Он ничего не отвечал. Вращательным движением ладони она растирала сок по его щекам.

«Я сам становлюсь бесом. И теперь ничто так меня не притягивает, как эта девушка. От ее появления на кладбище что-то произойдет. Чует мое сердце.» Так рассудил Христиан.

Он швырнул девушку в траву и, порвав свою одежду, стал связывать руки и ноги Юнны. «Я укроюсь неподалеку.»

Он сам не понимал, что ждет его там. Чего он хочет? Христиан нес на кладбище Юнну.

«Души… Не зря она упоминала души, да-да, души блуждающие. Кажется, так она сказала. Может, появится свет из места захоронения камней. Может быть…»

На кладбище он быстро разыскал ту яму, которую заприметил в прошлый раз. Пустая яма. Неизвестно, кто ее вырыл так близко от склепа. Христиан оставил Юнну связанной в этой яме, а сам укрылся в густых зарослях боярышника.

Сумерки опустились на кладбище неожиданно быстро. Малейший шорох лесного зверька или крик засыпающей птицы заставляли Христиана вздрагивать и всматриваться в темноту до боли в глазах. Он не знал, чего он ждет и скорее готов был выдержать нашествие бродяг псов, чем того, о чем он мог только догадываться.

Прошла старуха, или показалось — он не разобрал, но ясно услышал голос Юнны. Она позвала его. Христиан не отзывался, терпеливо ожидая последующих криков. Так, незаметно, его окутал сон. Во сне он услышал те ужасные крики, которых так остерегался. И он спустился в яму, сорвал с гроба крышку… Смрадным духом повеяло оттуда. Глаза застилала чернота. Когда он догадался, что от страха глаза его закрыты, он их открыл… В упор на него смотрела ведьма. Вяло улыбаясь, неестественно медленно она вращала зрачками и зашевелились ее бесцветные волосы. А рядом с гробом, скорчившись от холода, прижав подбородок к левому предплечью, спал мальчик Постав. Кожа лица его теперь не выглядела столь бледной, как раньше, а наоборот, была румяной: волосы отросли, со лба сошла царапина. Христиан тянется за накидкой — хочет накрыть коченеющее тело мальчика. Накидка рассыпается в прах. Лишь лента, которую он видел часто, в самых разных местах, лента осталась в его сжатой ладони.

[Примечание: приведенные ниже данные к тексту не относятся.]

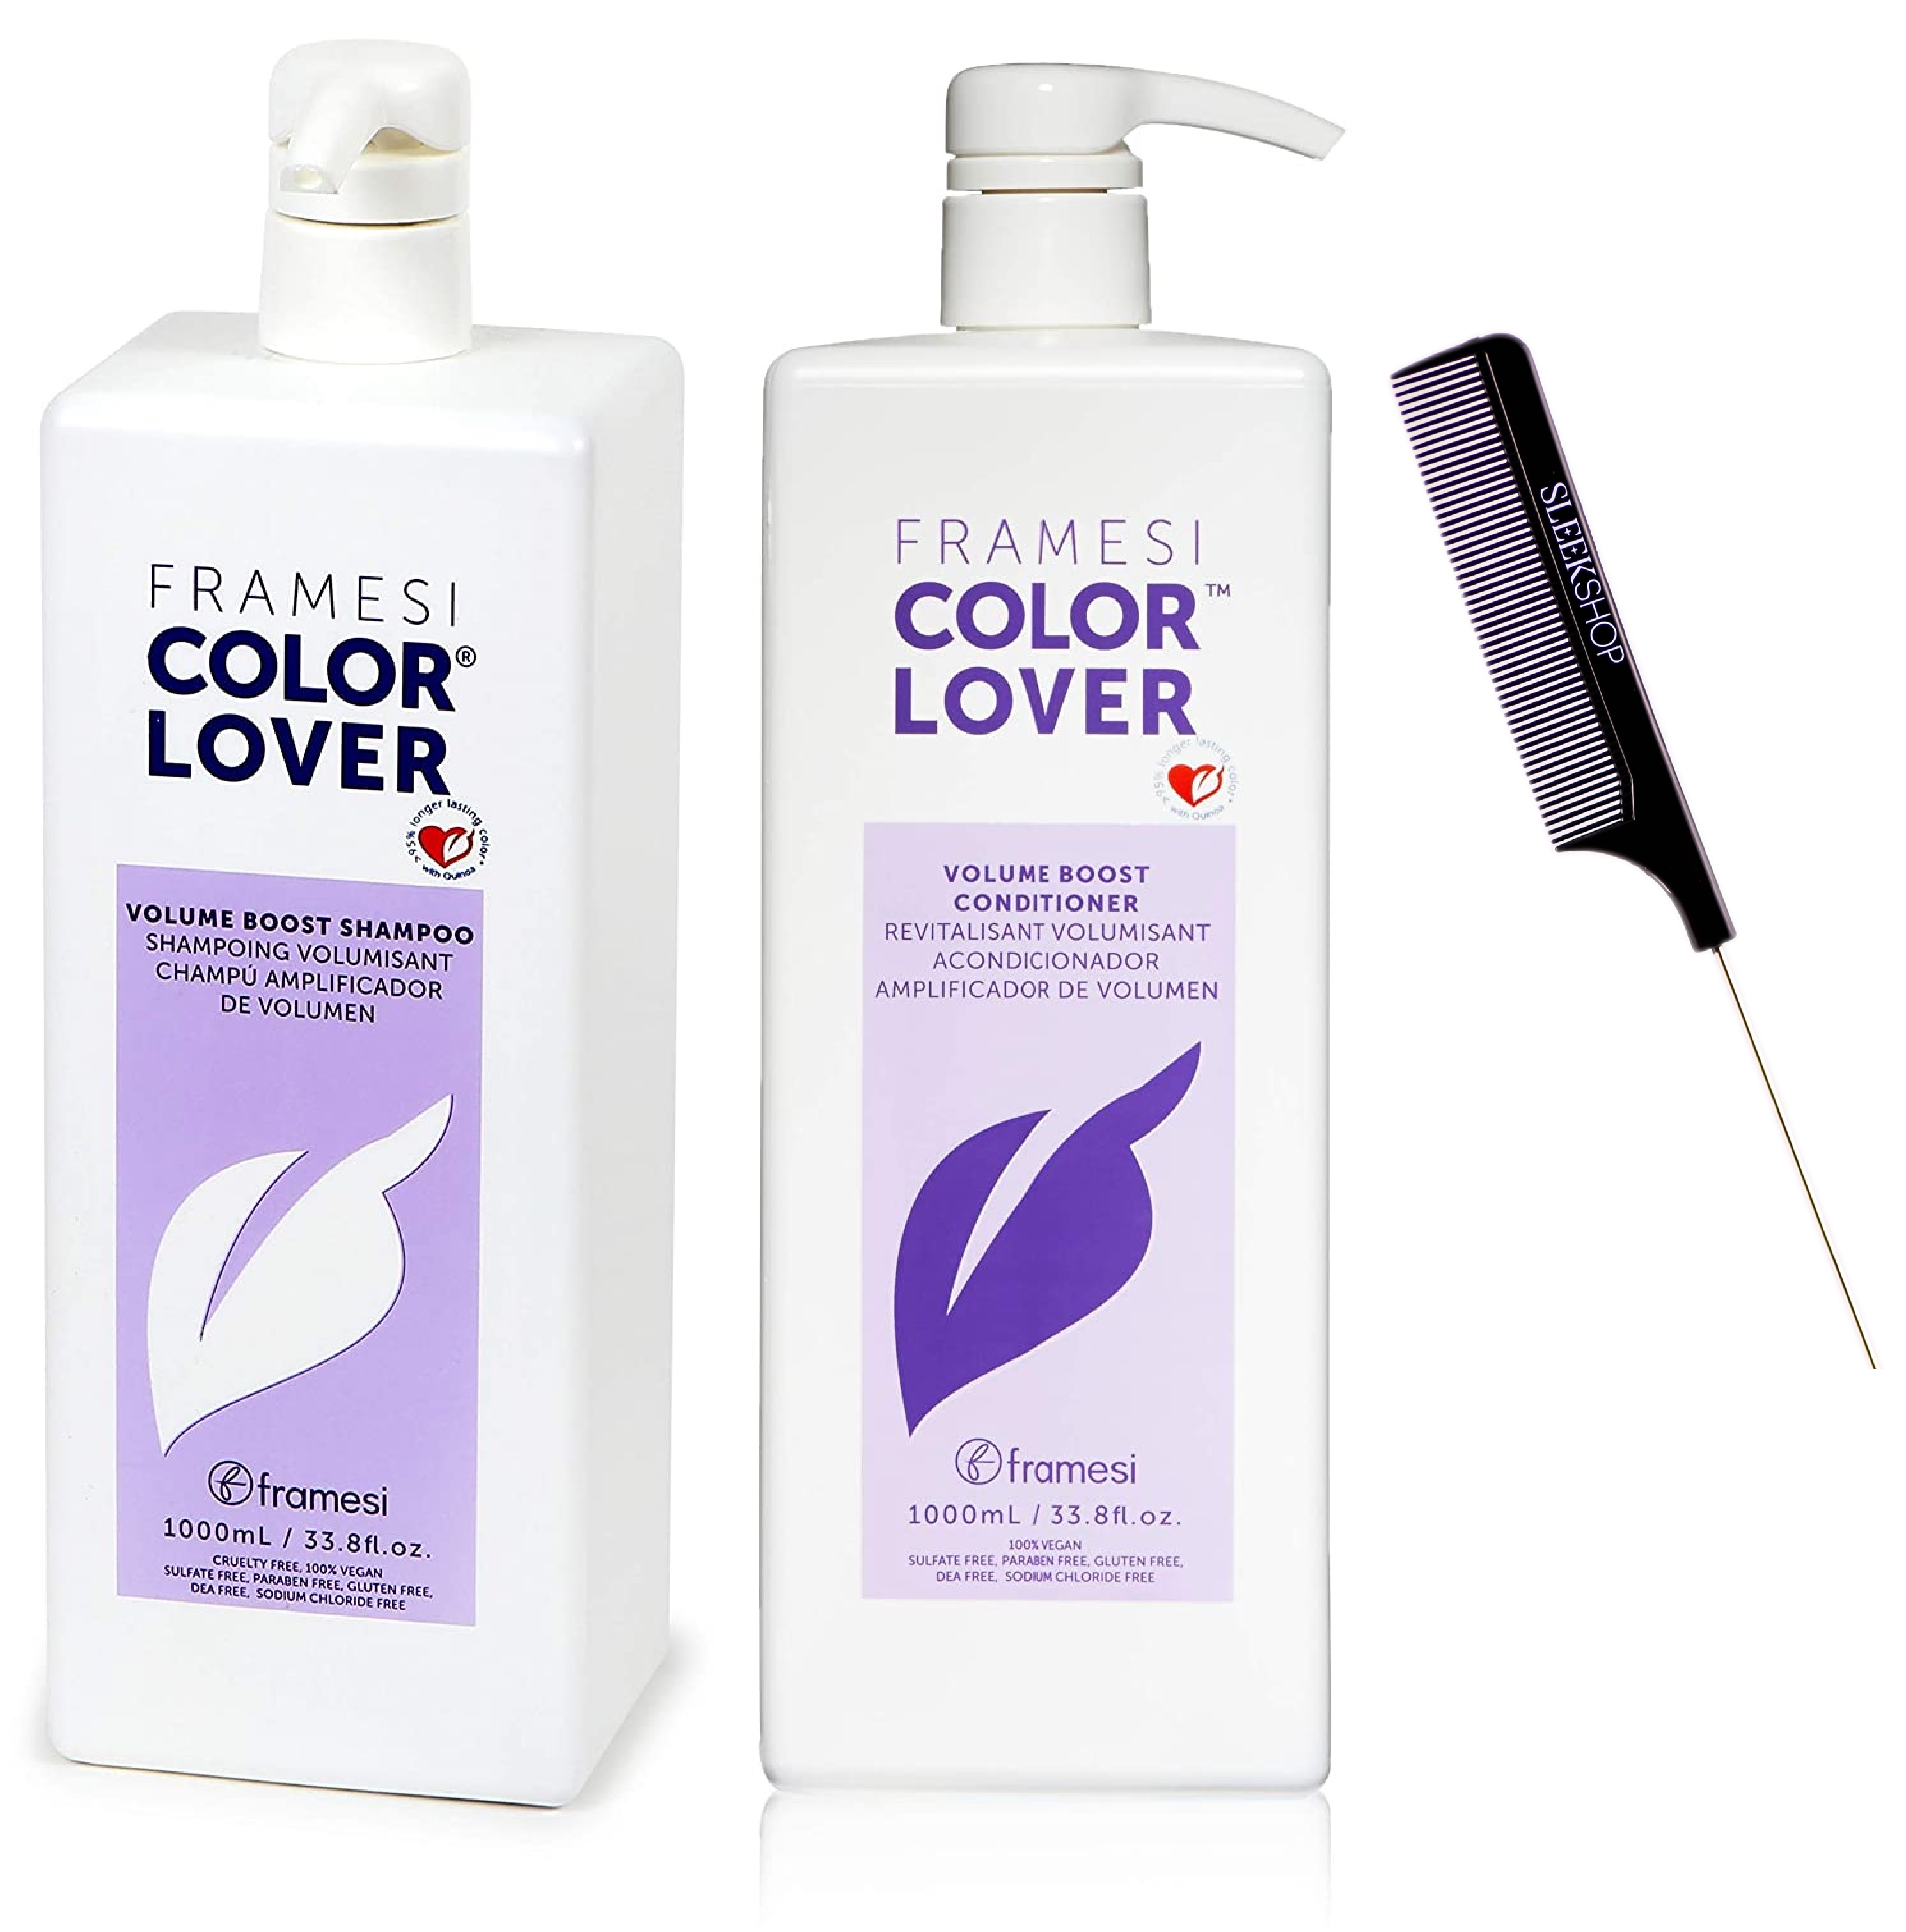 Framesi COLOR LOVER Volume Boost Shampoo & Conditioner DUO SET (w/ Sleek Comb) Sulfate-Free, Volumizing to Lift Hair (33.8 oz + 33.8 oz - LARGE LITER KIT) - image 1 of 1

Сверху кто-то окрикнул его. На насыпи стоял охранник. Христиан поднялся во весь рост. Его подхватили сильные руки охранника и поволокли по земле. Христиан упирался руками и ногами в землю и рыдал, как в детстве, от бессилия.

Проснувшись, он услышал свой крик и прижал к груди ладони. Над ним качались ветки кустарника. Он осознал, что видел сон, встал, отряхнулся и пошел вызволять Юнну.

Яма была пуста. Христиан побрел с кладбища, опустошенный и обессиленный. Он умылся в лесной луже, отгребая нападавшие листья.


Явившись в дом, Христиан нашел внутренний интерьер измененным. Не осталось и следа от нашествия оборотня. В своей комнате Христиан не нашел никаких перемен. Гертруда спала, укрывшись с головой одеялом. Из двери торчал гвоздь, который Христиан заметил не сразу. Он увидел, как сколачивали доски гроба Гюстава такими же четырехгранными гвоздями, и этот, с перекошенной шляпкой, долго не могли вбить.

Христиан подошел к постели и откинул одеяло. Девушка была мертва. Он немедленно покинул комнату, на ходу смахивая с ботинка прилипший клок длинных женских волос. Навстречу, по ступеням, поднимался граф. Вид его говорил о том, что он не подозревает о случившемся. Граф держал перед собой небольшую шкатулку и приветливо улыбался.

— О, а я Вас, признаться, потерял… Вы неплохо освоились в нашем обиталище. Отдыхаете? Живописные места… Не спешите, не отвечайте. Я покажу Вам нечто… Ах, Ваше лицо… Я не заметил… Наши девушки, проказницы, они умеют царапаться, — и граф залился смехом. — Такое никуда не годится. Я угощу Вас мазью, и через два-три дня Ваше благородное лицо очистится от ран. Стоило мне запереться вдвоем с искусством, как Вас подвергли шуткам, чудовищным по замыслу.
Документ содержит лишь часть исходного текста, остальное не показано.